#### Why Use Elixir Pattern Matching?

##### February 2, 2017
elixir pattern matching

It’s almost twice faster than Elixir’s Enum.any?/2.

That’s an observation I had while doing an Elixir exercise on Exercism. In the exercise Sum of Multiples, I had to calculate the sum of numbers from 1 to n, which are multiples of any given factors.

Quoting the example in the problem: > If we list all the natural numbers up to but not including 20 that are > multiples of either 3 or 5, we get 3, 5, 6 and 9, 10, 12, 15, and 18. > The sum of these multiples is 78.

The solution for the problem itself is simple, whereby we can filter the list of numbers which is a multiple of one of the factors. I have defined a private function is_multiple?/2 which returns true if a number is a multiple of the factors or false otherwise.

def to(limit, factors) do
1..limit-1
|> Enum.filter(&(is_multiple?(&1, factors)))
|> Enum.sum
end


Now the interesting part happens in is_multiple?/2.

Coming from Ruby & Javascript background, my first instinct is to use Enum.any?/2 which returns true as soon as an element of a list satisfies the predicate function. In this case, the predicate is simply checking that the remainder of the number divided by the factor is 0.

defp is_multiple?(num, factors) do
factors
|> Enum.any?(&(rem(num, &1) == 0))
end


This works, but then I started thinking about how to write it in a more Elixir way, so here comes pattern matching with recursion. It checks if the number is a multiple of the first factor in the list. If so, it returns true, otherwise, it recurses through the list until there is no more factor left in the list.

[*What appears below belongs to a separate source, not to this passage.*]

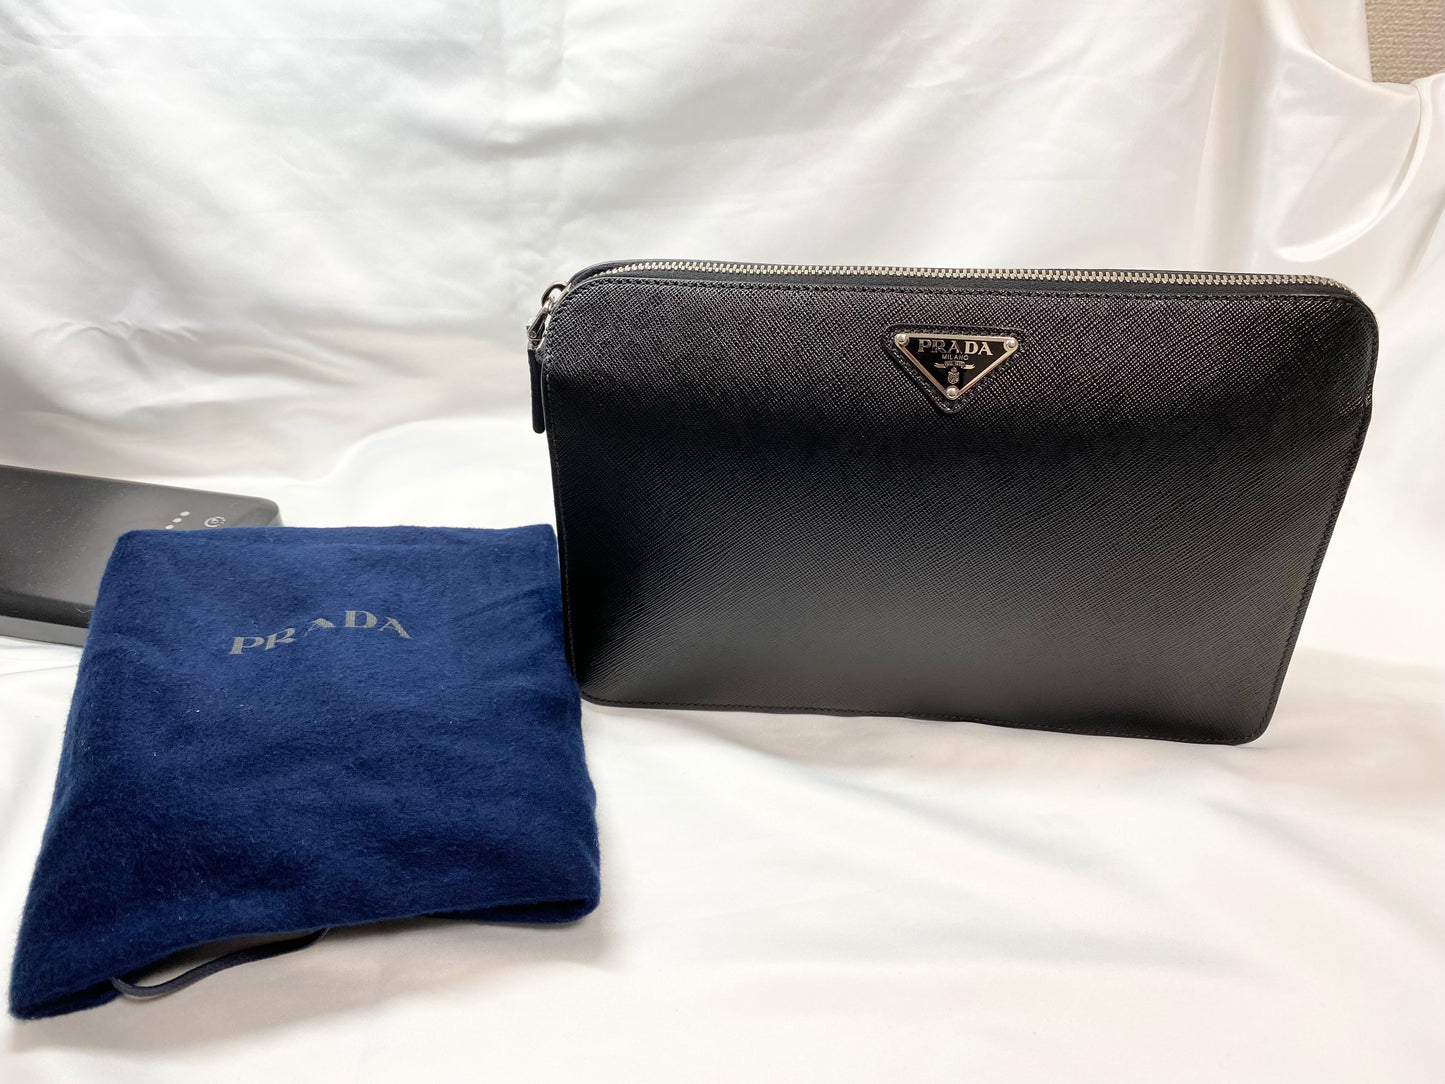 Beautiful Prada PRADA Saffiano Leather Clutch Bag Black

defp is_multiple?(num, []), do: false
defp is_multiple?(num, [factor | _]) when rem(num, factor) == 0, do: true
defp is_multiple?(num, [_ | factors]), do: is_multiple?(num, factors)


This works too! All fine and dandy!

Then comes the next question of how do they perform at scale. I wanted to know how do the performance differ, so I wrote a simple test with 10 million as the limit and the list of factors being the first 1000 prime numbers.

test "very large number and many factors" do
n = 10_000_000
multiples = primes(1000)
assert SumOfMultiples.to(n, multiples) == 499999500000
end

def is_prime(x), do: (2..x |> Enum.filter(fn a -> rem(x, a) == 0 end) |> length()) == 1
def prime(n), do: Stream.interval(1) |> Stream.drop(2) |> Stream.filter(&is_prime/1) |> Enum.take(n)


The result surprised me. With Enum.any?, the test completed in just after a minute.

SumOfMultiplesTest
* test very large number and many prime factors (62269.0ms)


With pattern matching, the test took almost half the time and completed in just over 33 seconds.

SumOfMultiplesTest
* test very large number and many prime factors (33141.2ms)


This is a promising finding and it makes me more intrigued by the Elixir pattern matching capability.